Юношей я восхищался фресками Кампо-Санто и сказал Любе, что нужно обязательно побывать в Пизе. Люба глядела на светлую живопись Беноццо Гоциоли, который покрыл стены кладбища сладостью земной жизни; а я глядел на чернорубашечников. Во время войны немецкая бомба уничтожила часть пизанских фресок. Недавно я снова оказался в Пизе и увидел клочья былых видений; мне стало обидно, что я когда-то не нагляделся на фрески досыта; а ничего тут не поделаешь: Живешь не так. как хочется,- так, как живется.
Вряд ли в 1924 году можно было предвидеть, что фашизм, перекочевав из полупатриархальной бедной Италии в хорошо организованную Германию, уничтожит пятьдесят миллионов душ и покалечит жизнь нескольких поколений.
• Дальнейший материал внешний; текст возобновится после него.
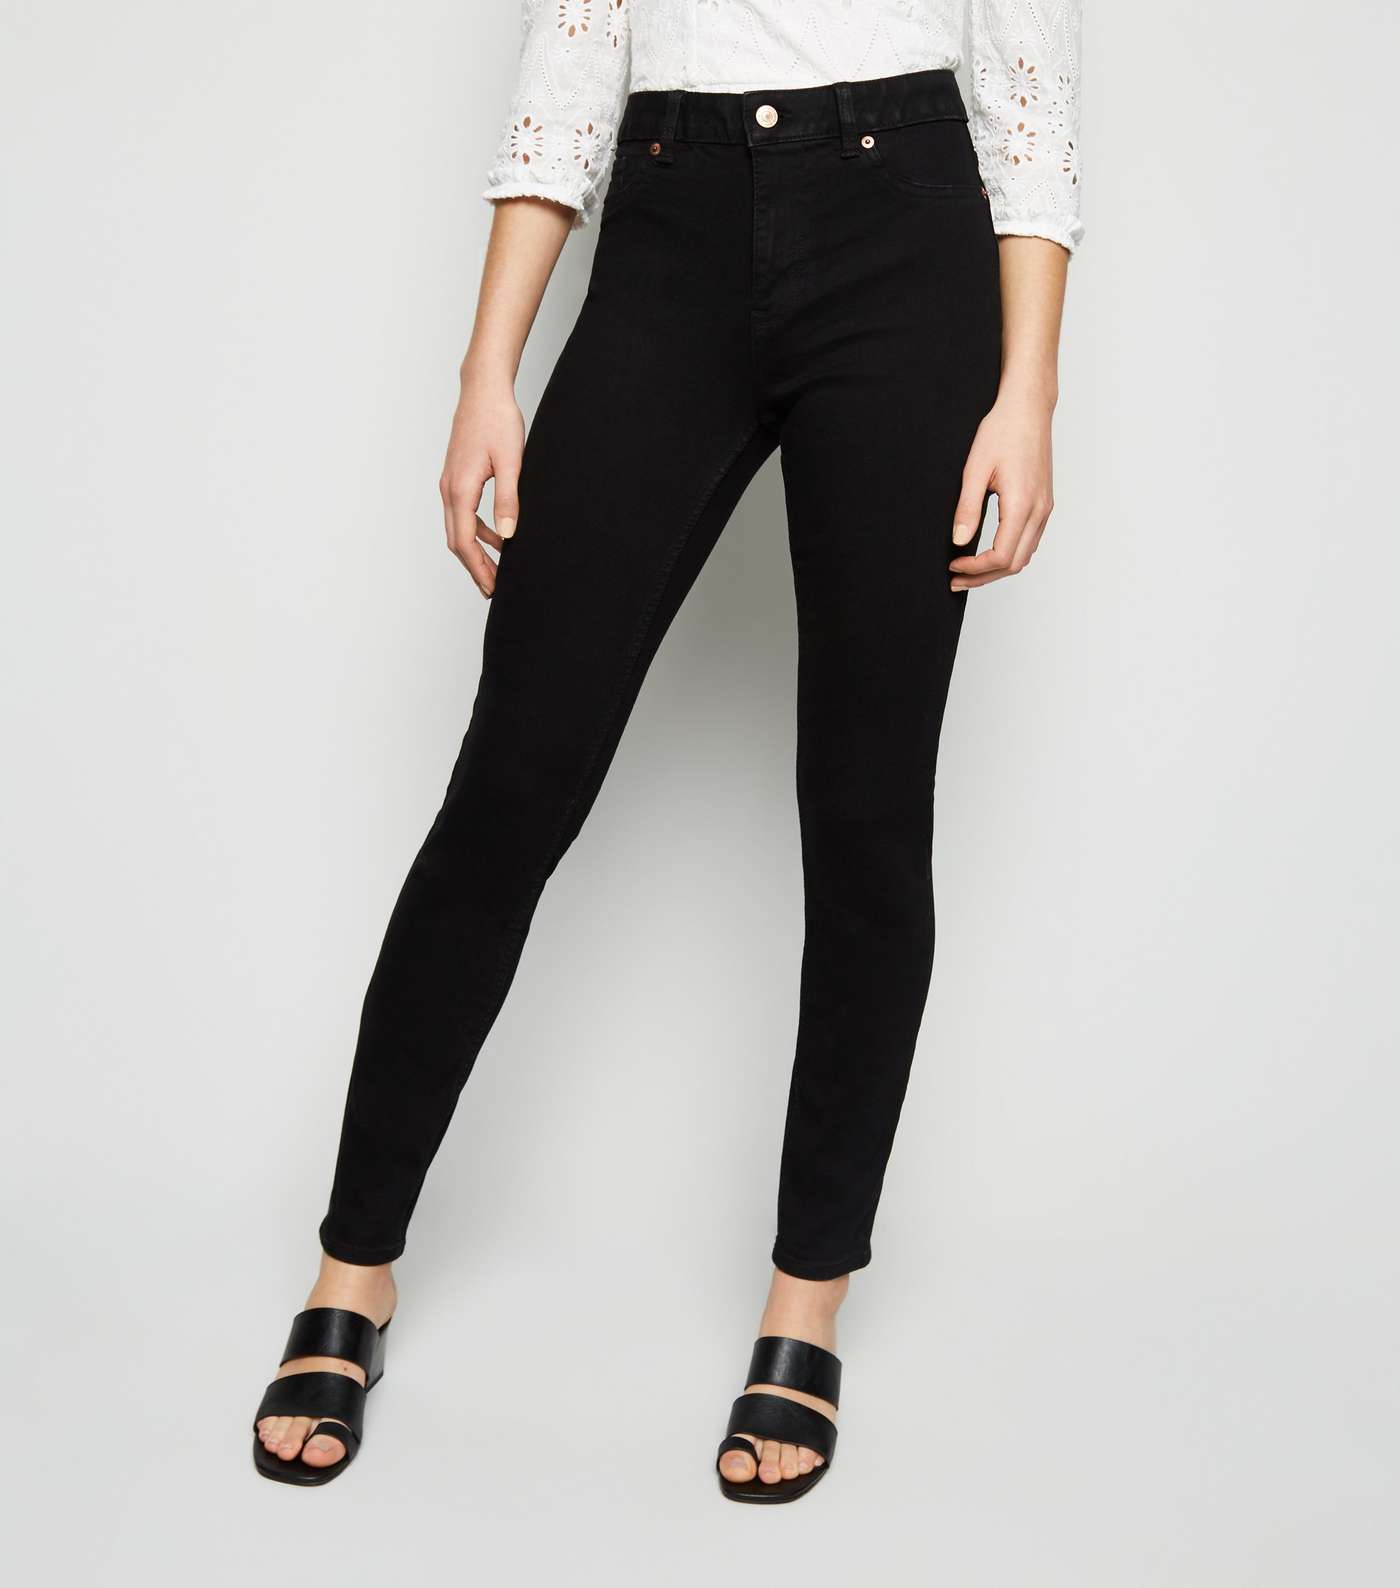 Black Jenna Skinny Jeans Image 2

Но мне было обидно за Италию, обидно и тревожно. Кто эти люди, улюлюкающие, марширующие, подымающие вверх руки? Наверно, неудачники, сыновья разорившихся лавочников, провинциальных нотариусов или адвокатов, честолюбцы, соблазнившиеся звонкими фразами. Можно было принять их за маски дурацкого карнавала, но я уже знал, что люди живут не по Декарту…
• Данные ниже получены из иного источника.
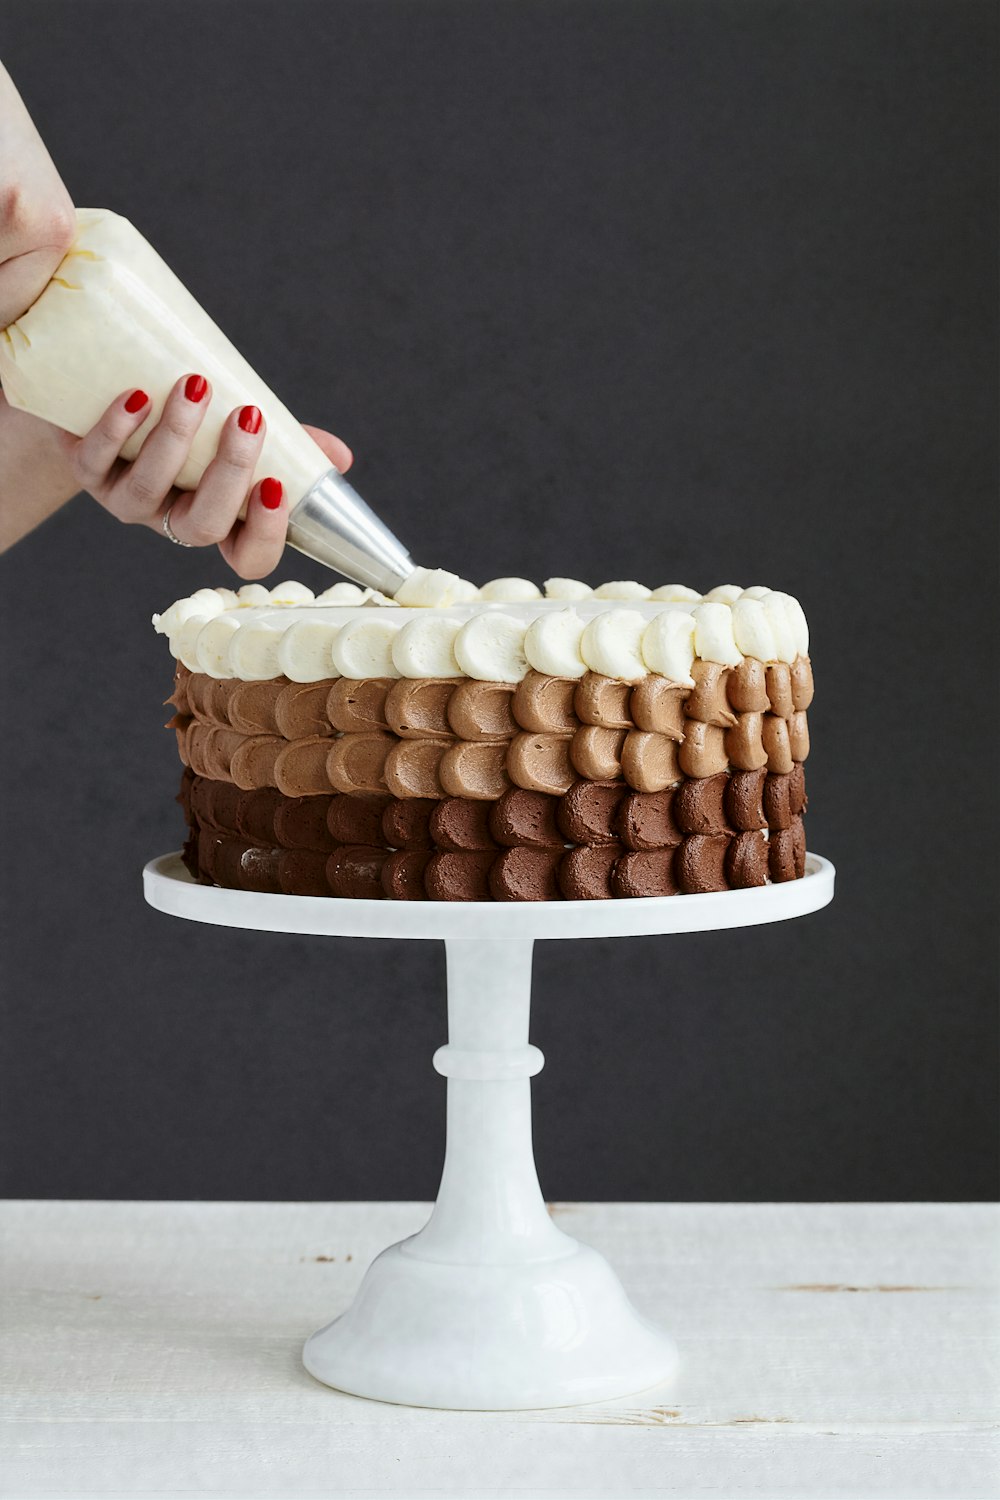 30k+ Cake Decorating Pictures  Download Free Images on Unsplash

Почему-то мы попали в маленький город средней Италии - Бибиелу; там нет достопримечательностей, и туристы туда редко заглядывают. А это чудесный городок! Вечером я зашел в полутемную тратторию, где стояли огромные круглые бутыли с красным вином. Старик рассказывал трактирщику и двум посетителям длинную историю о том, как из Америки вернулся каменщик Джулио. Он накопил немного деньжат, собирался жениться. А из Ареццо приехал в машине секретарь фашио. Они пили вино за двумя столиками, и вдруг секретарь начал задевать Джулио, требовал, чтобы каменщик крикнул: «Да здравствует Муссолини!» Джулио ответил: «Пусть кричат ослы». Тогда фашист его застрелил. Для вида убийцу арестовали, а неделю спустя выпустили. Вот и вся история… Старик пил вино и крючковатыми пальцами крошил сухой сыр. Я вышел. Холм казался звездным небом - летали мириады светляков. Нежно квакали лягушки. В темноте влюбленные обменивались клятвами и поцелуями. А я думал о судьбе неизвестного мне Джулио.
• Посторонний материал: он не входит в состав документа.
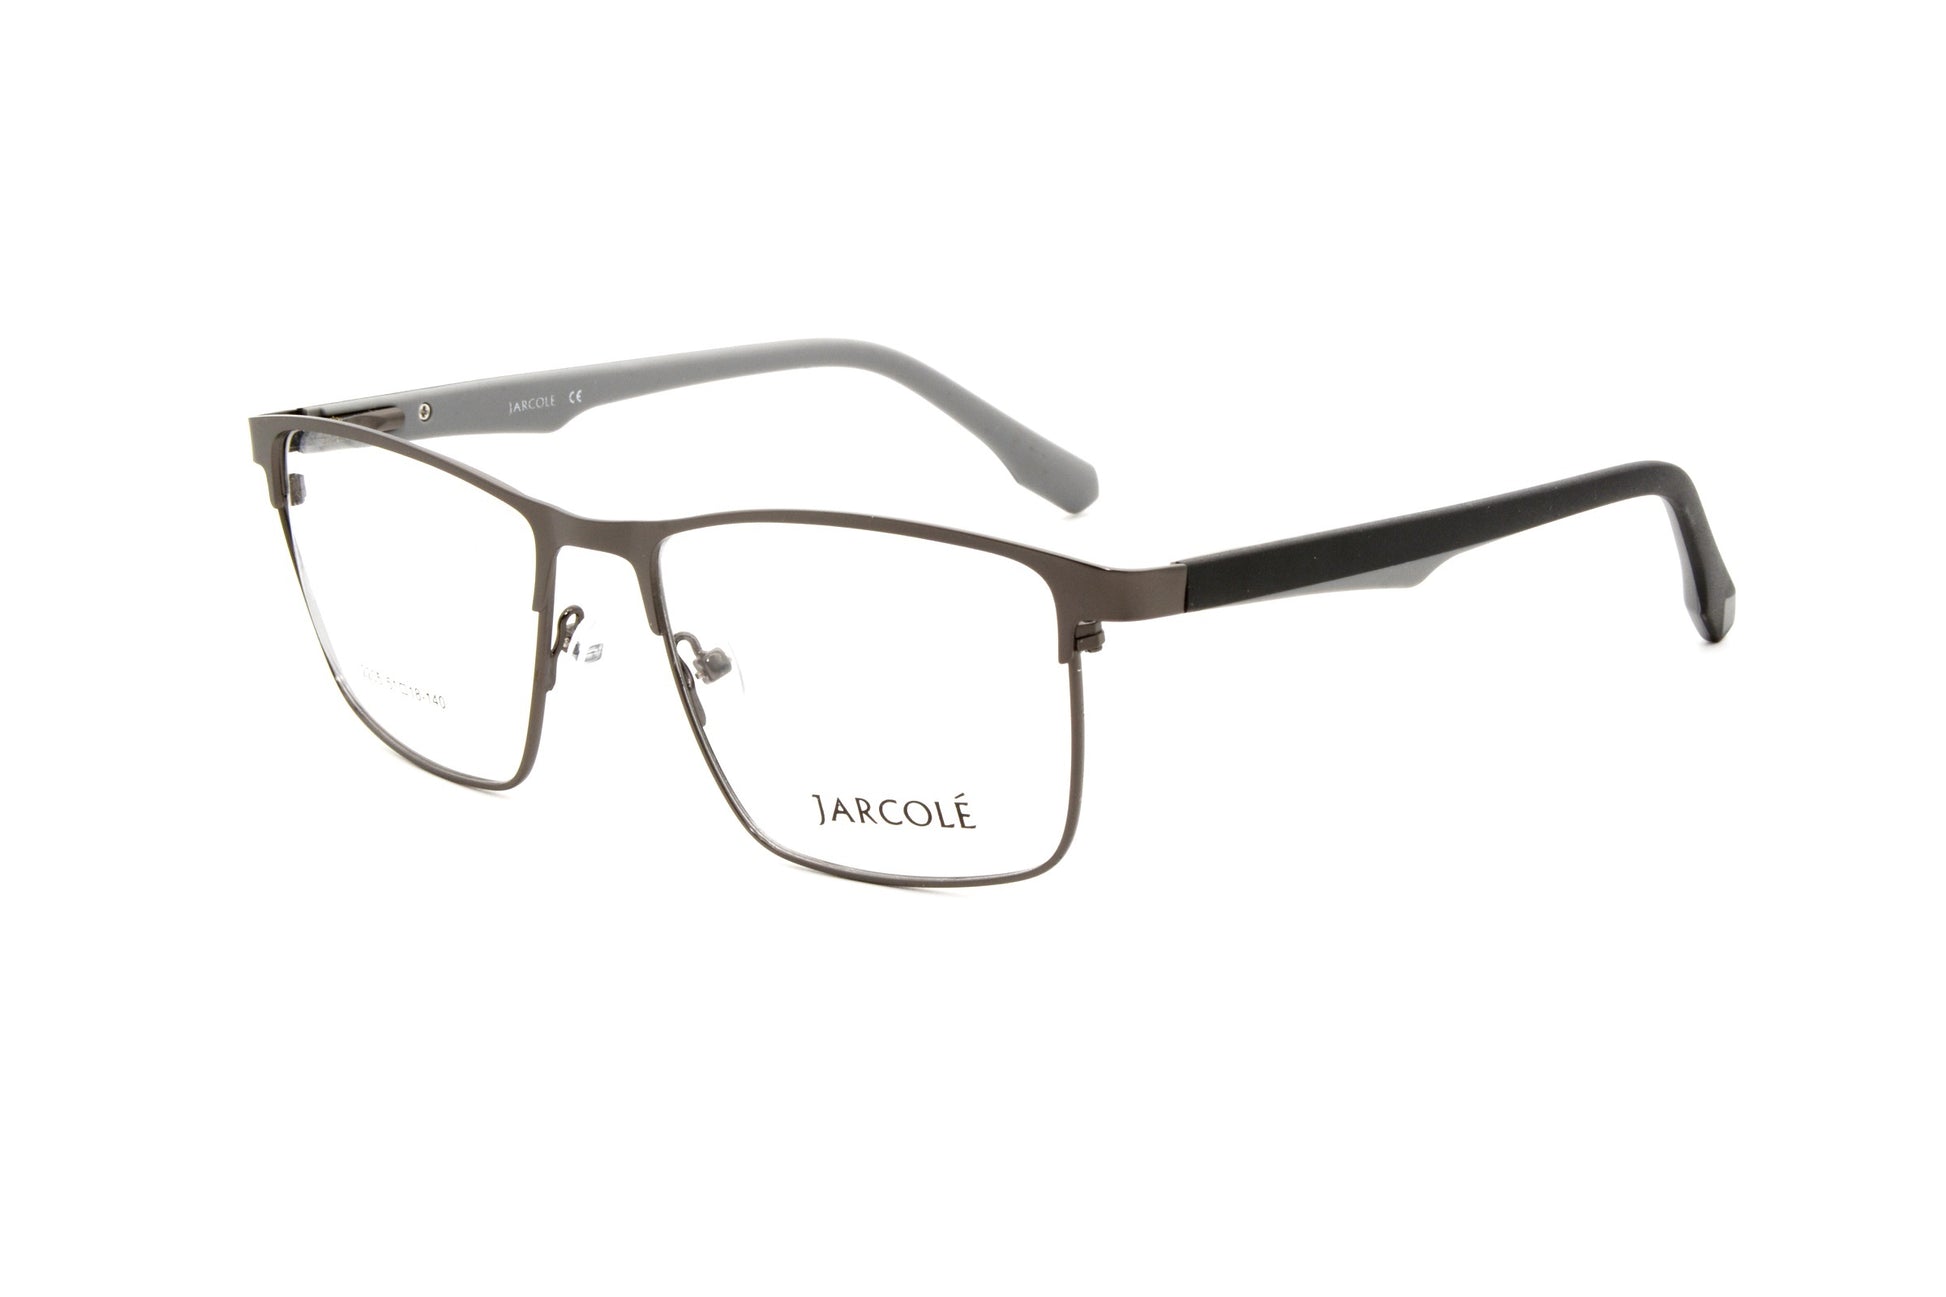 Jarcole eyewear 2205 C4

Когда мы приехали в Рим, все казалось спокойным. Мы пошли в посольство. Посол говорил, что торговые отношения с Италией налаживаются; рассказал, что и Рим приехал поэт В. И. Иванов, он бывает в посольстве. Туристы спешили в Ватикан или в Колизей. В кафе «Аранья» на Корсо политики обсуждали, во сколько обошлась Италии экспедиция на Корфу. Я ходил в музей, восхищался византийскими мозаиками и на несколько дней забыл о политике. Вдруг мы увидели на площади Монтечиторио взволнованные толпы людей; они что-то кричали, жгли газеты. То же самое происходило и на других площадях: я слышал крики: «Долой фашистов! Долой убийц!» Возмущенные люди жгли пачки фашистских газет - «Коррьере итальяно», «Пополо д'Италиа», «Имперо». Несколько минут спустя я узнал, что фашисты похитили молодого социалистического депутата Джакомо Маттеотти.
Реакцию людей на события трудно предвидеть; иногда уничтожение тысячи жертв проходит почти незамеченным, иногда убийство одного человека потрясает мир. Расправа с Маттеотти походила в своей простоте и наглядности на древнюю притчу. Повсюду я слышал имя жертвы.
(В книге «10 л. с.» я написал о конце Маттеотти, хотя это и не имело прямого отношения к заводам Ситроена или к борьбе за нефть. Я не мог промолчать: то, что приключилось 10 июня 1924 года в Риме, вошло и в мою жизнь.)
В Италии тогда еще существовал парламент: весной были выборы. Фашисты с помощью вина и касторки, посулов и дубинок обеспечили себе большинство; оппозиционные партии, однако, набрали около сорока процентов голосов. 30 мая молодой депутат Маттеотти выступил в парламенте с мужественной речью, рассказал о насилии, об убийствах. Фашисты его прерывали воем; один кричал: «Убирайся в Россию!»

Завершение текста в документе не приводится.